Based on those numbers, I’m increasing the estimate of our home by $50,000 to $350,000. I think I’m being conservative too. Another home on our street also in poor condition sold late last year for $376,000.
My home is going to be the best looking one of the street

While our home is almost done, there are still some big things I’m going to do to the outside:
- We will tile outdoor walkways with slate. I’m going to put dragonfly mosaics in some of the tiles.
- We are going to pretty up the posts that surround the deck. The bottom half will probably be wrapped in slate and we’ll do decorative wood on top.
- I’m going to teach myself how to weld this year.

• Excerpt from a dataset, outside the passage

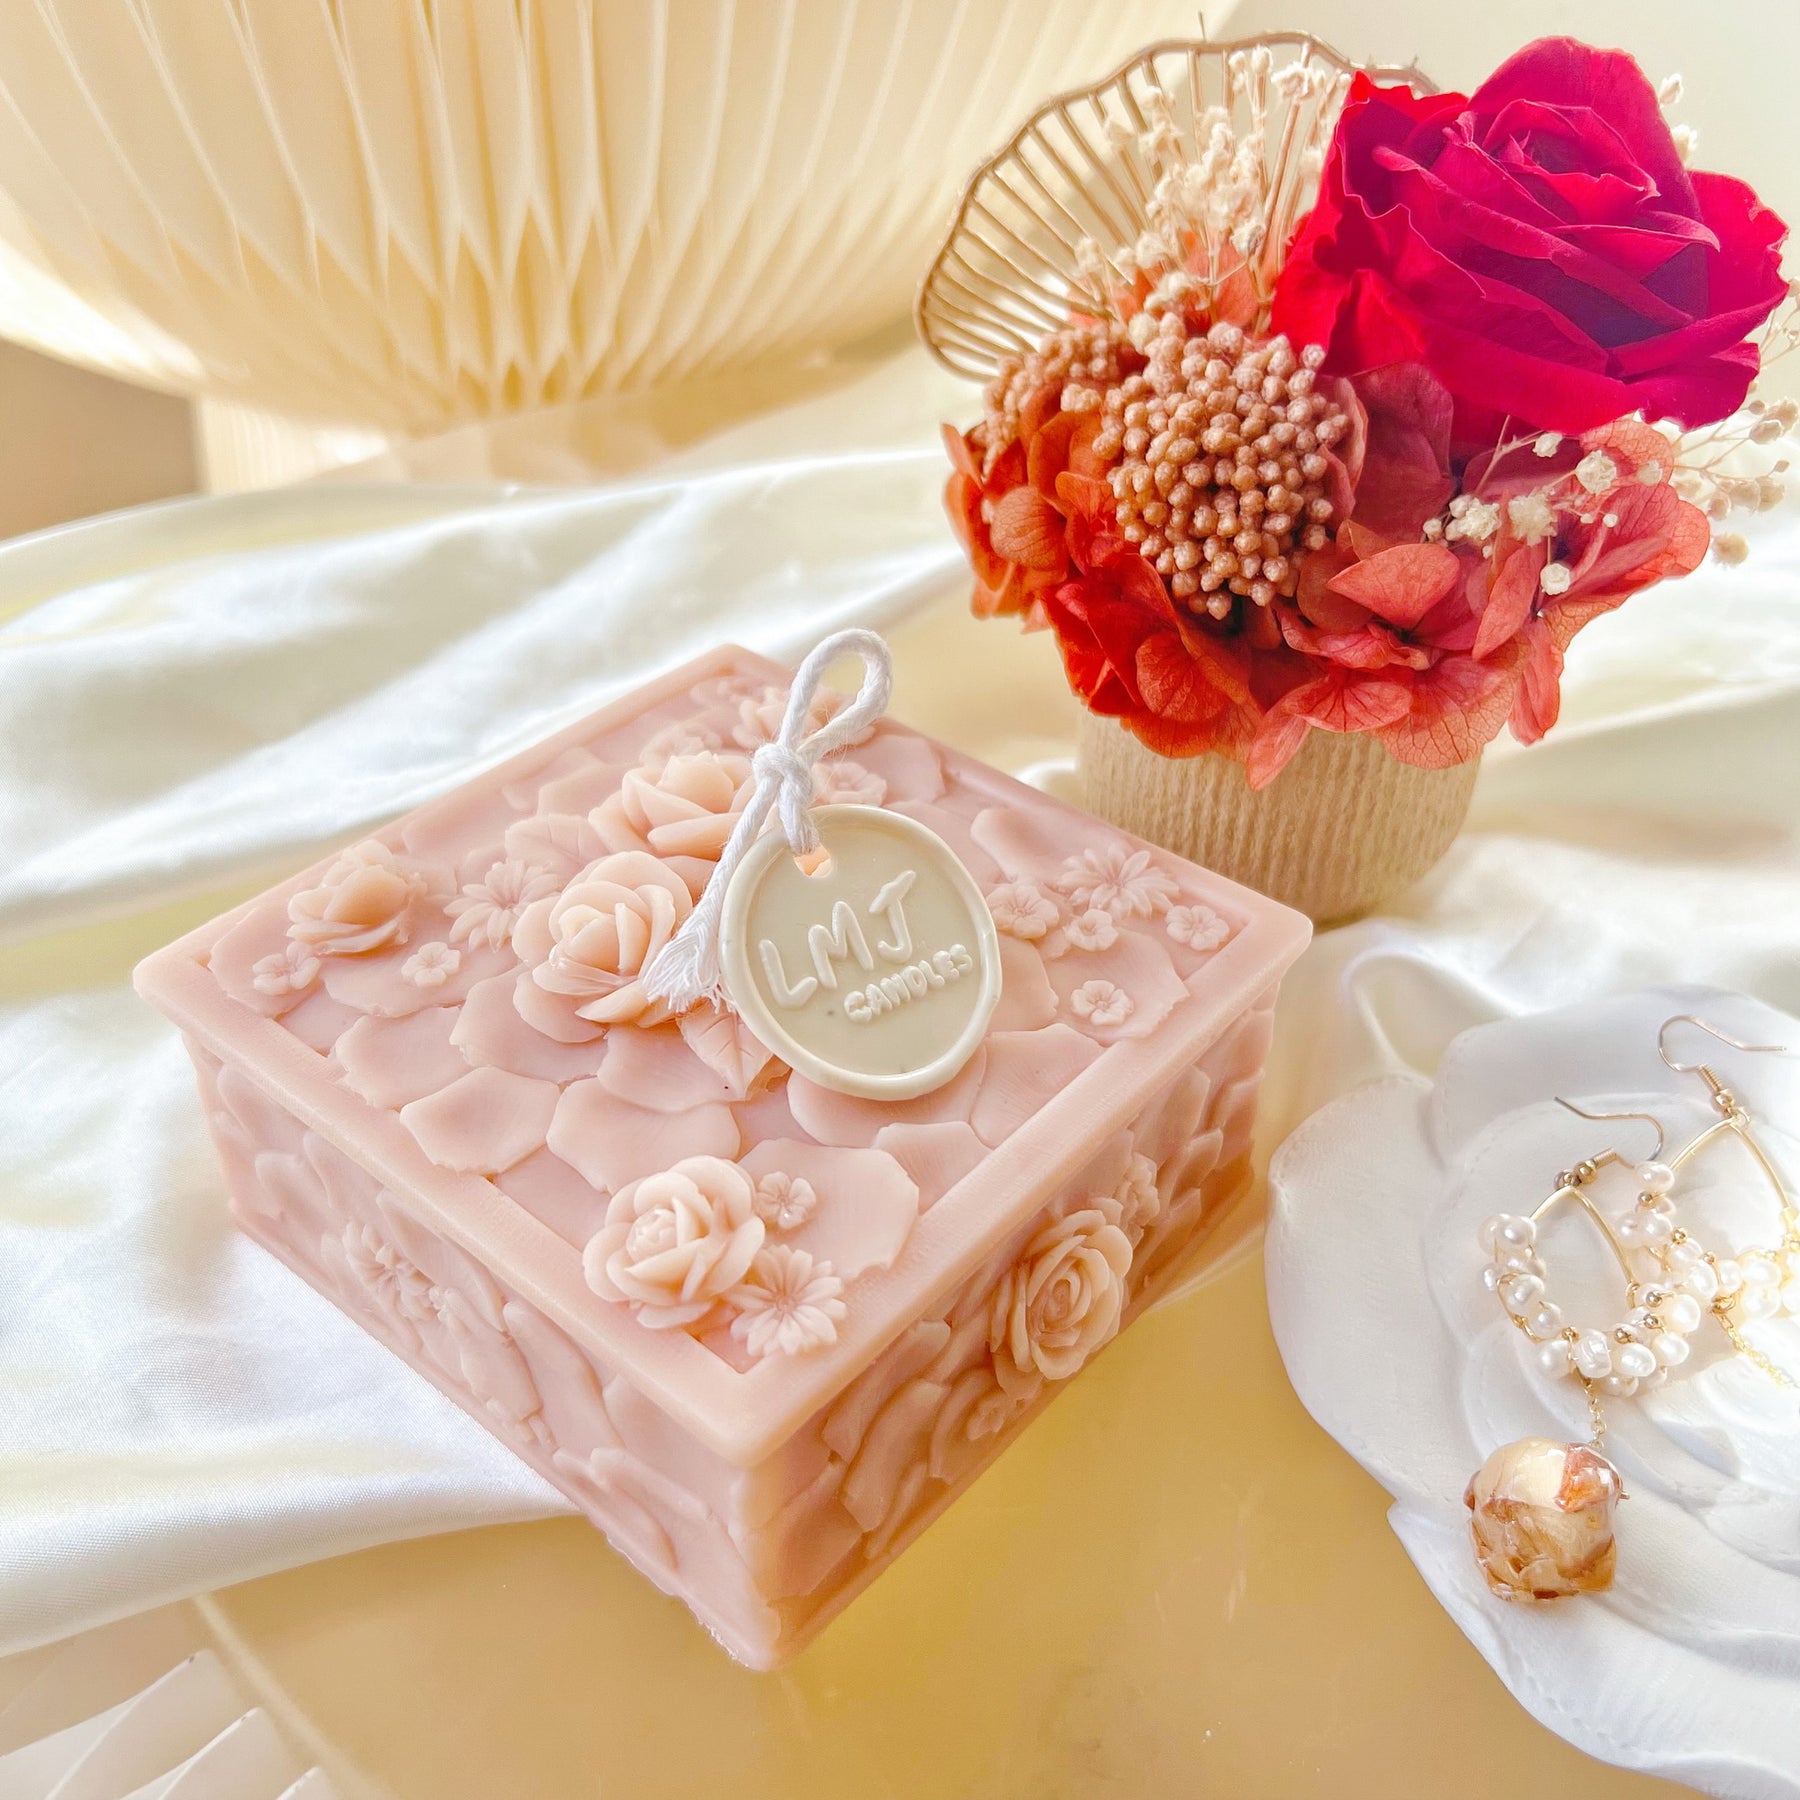 Rose Keepsake Box Scented Soy Candle - Anniversary Gift | LMJ Candles

With this new skill, I’d like to make some decorative artsy stuff for around the home.
Why would I do all of this?
- It’s fun. I love taking something ugly and making it into something spectacular. My dragonfly mosaic tiles and fancy-pants posts will be my design. In both projects, I’ll be pushing the boundary of my skill-set, but this is what really makes it rewarding.

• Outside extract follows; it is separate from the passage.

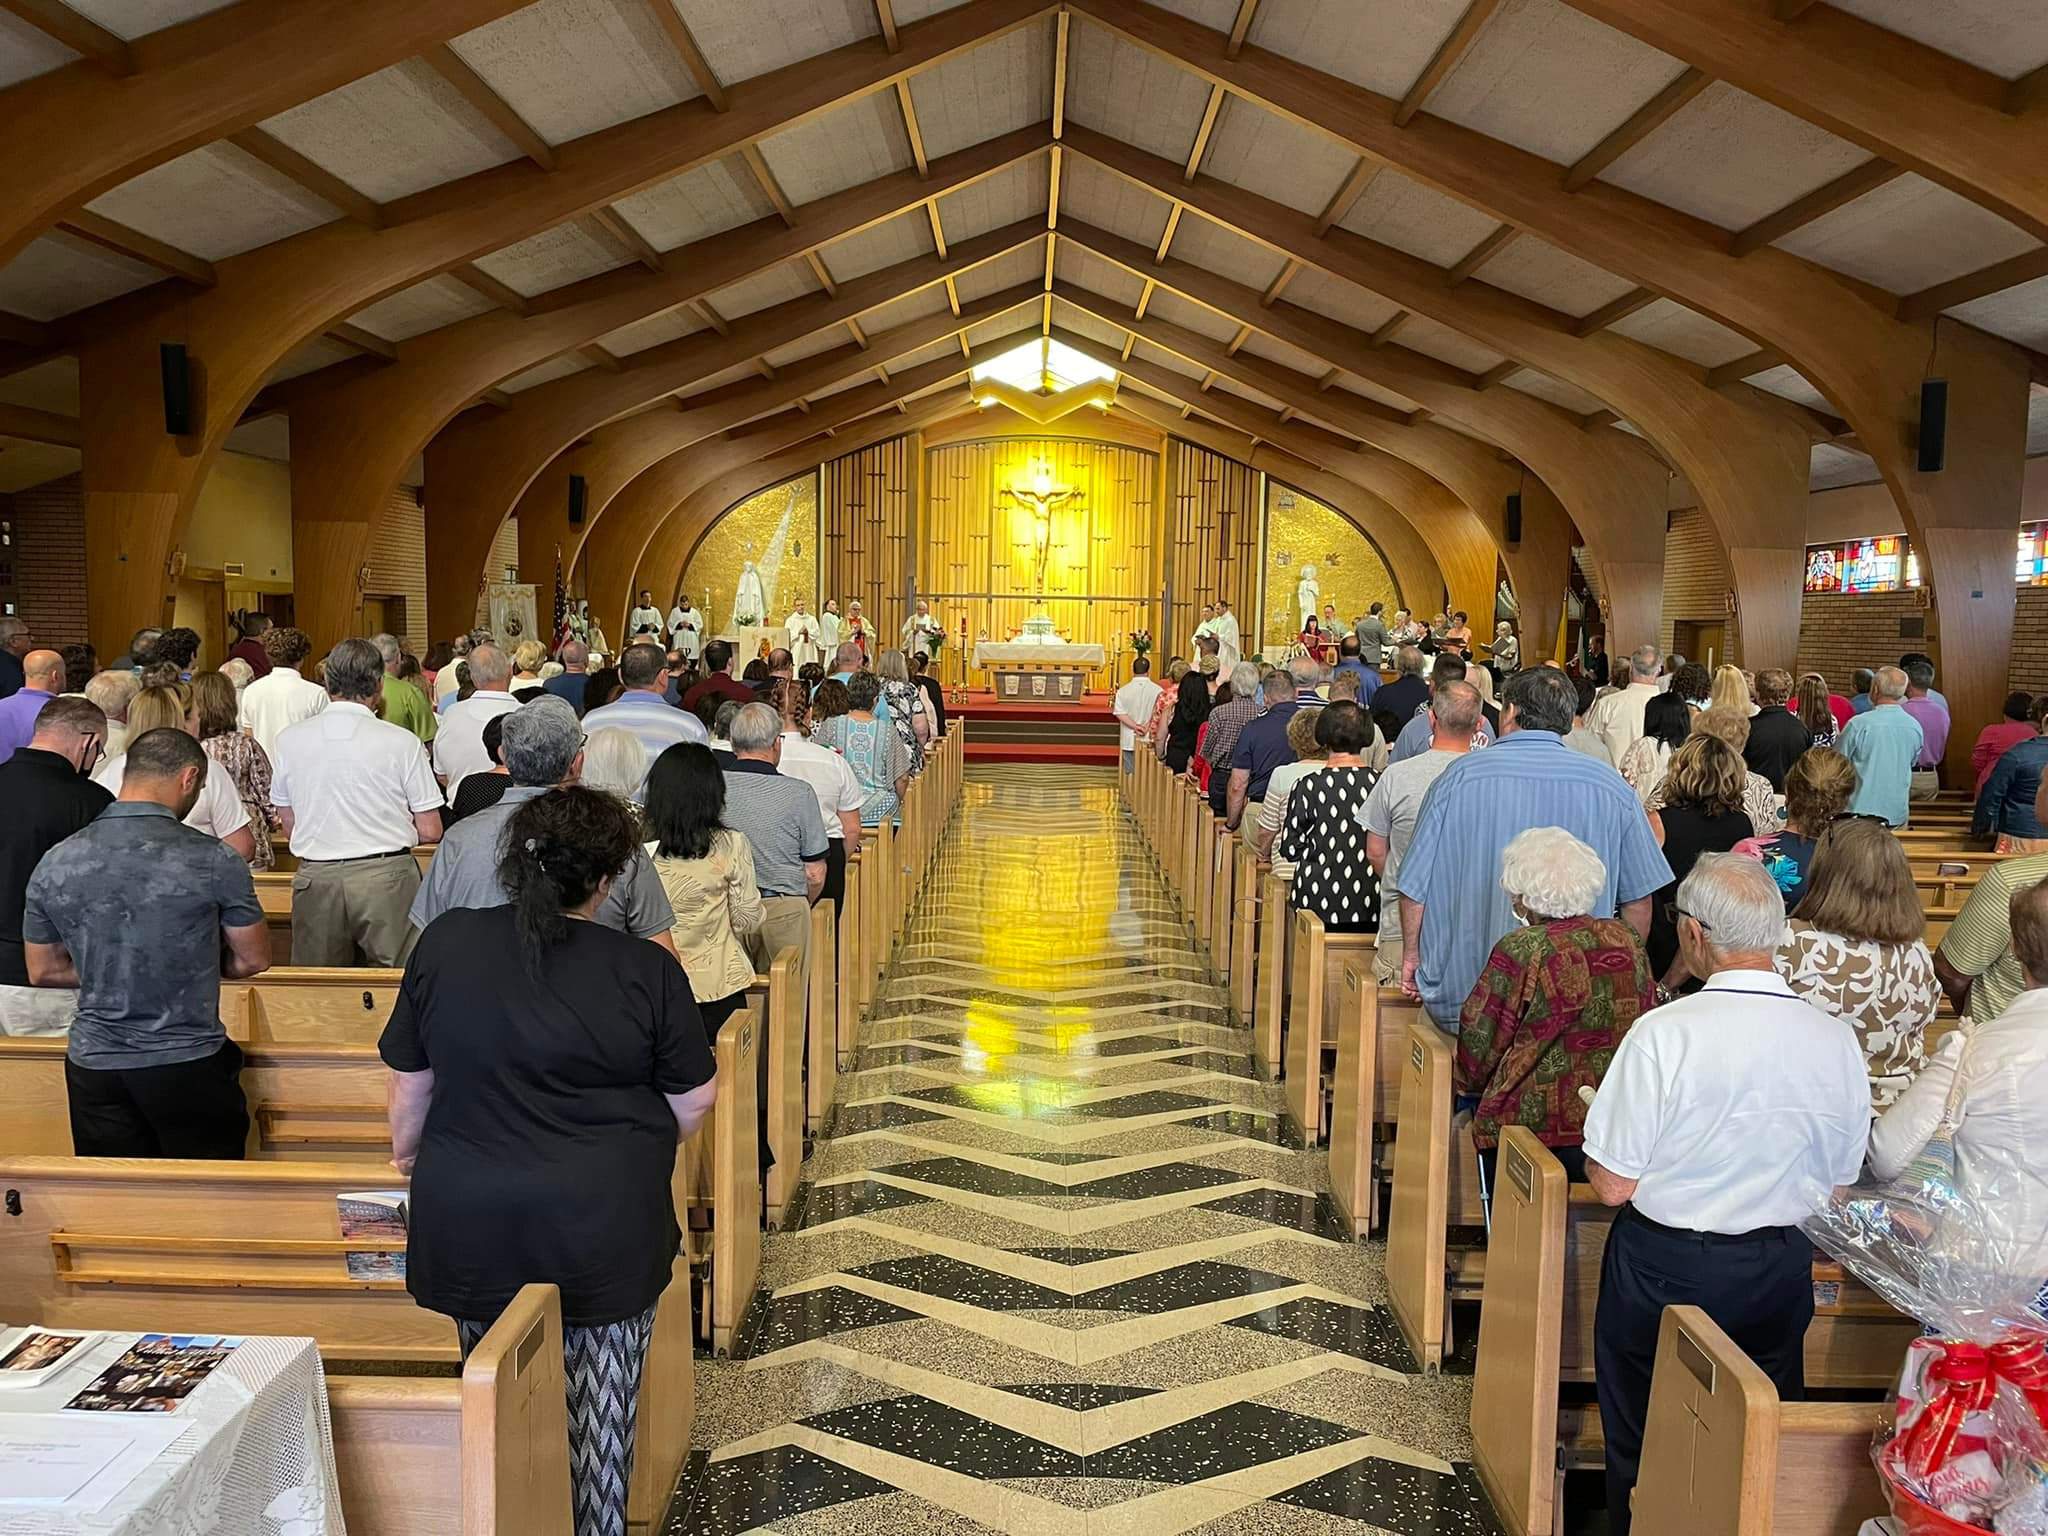 Parishioners stand at Mass. Angle is from the back of the sanctuary, in the center of the aisle.

- It’s not expensive. Slate tile costs about $1.25/square foot at the local big box. I need about $250 worth of tile and probably $200 in wood. Add another $50 for random supplies. $500 to make the house look great is well worth it. I’ll pick up some welding supplies used. My kind neighbor will let me use his equipment too.
- Most importantly, I want my street to be a place people want to move. Despite the crazy percentage of millionaires on my small, dead end street of 29 homes, it is a mixed bag. Some of the homes are beautiful. Others are neglected and ugly. I want people to see our home and know that people are putting money into the street. I’m hoping as other homes come on the market, people will snap them up and follow in my hammer swings. I want to change our little street for the best.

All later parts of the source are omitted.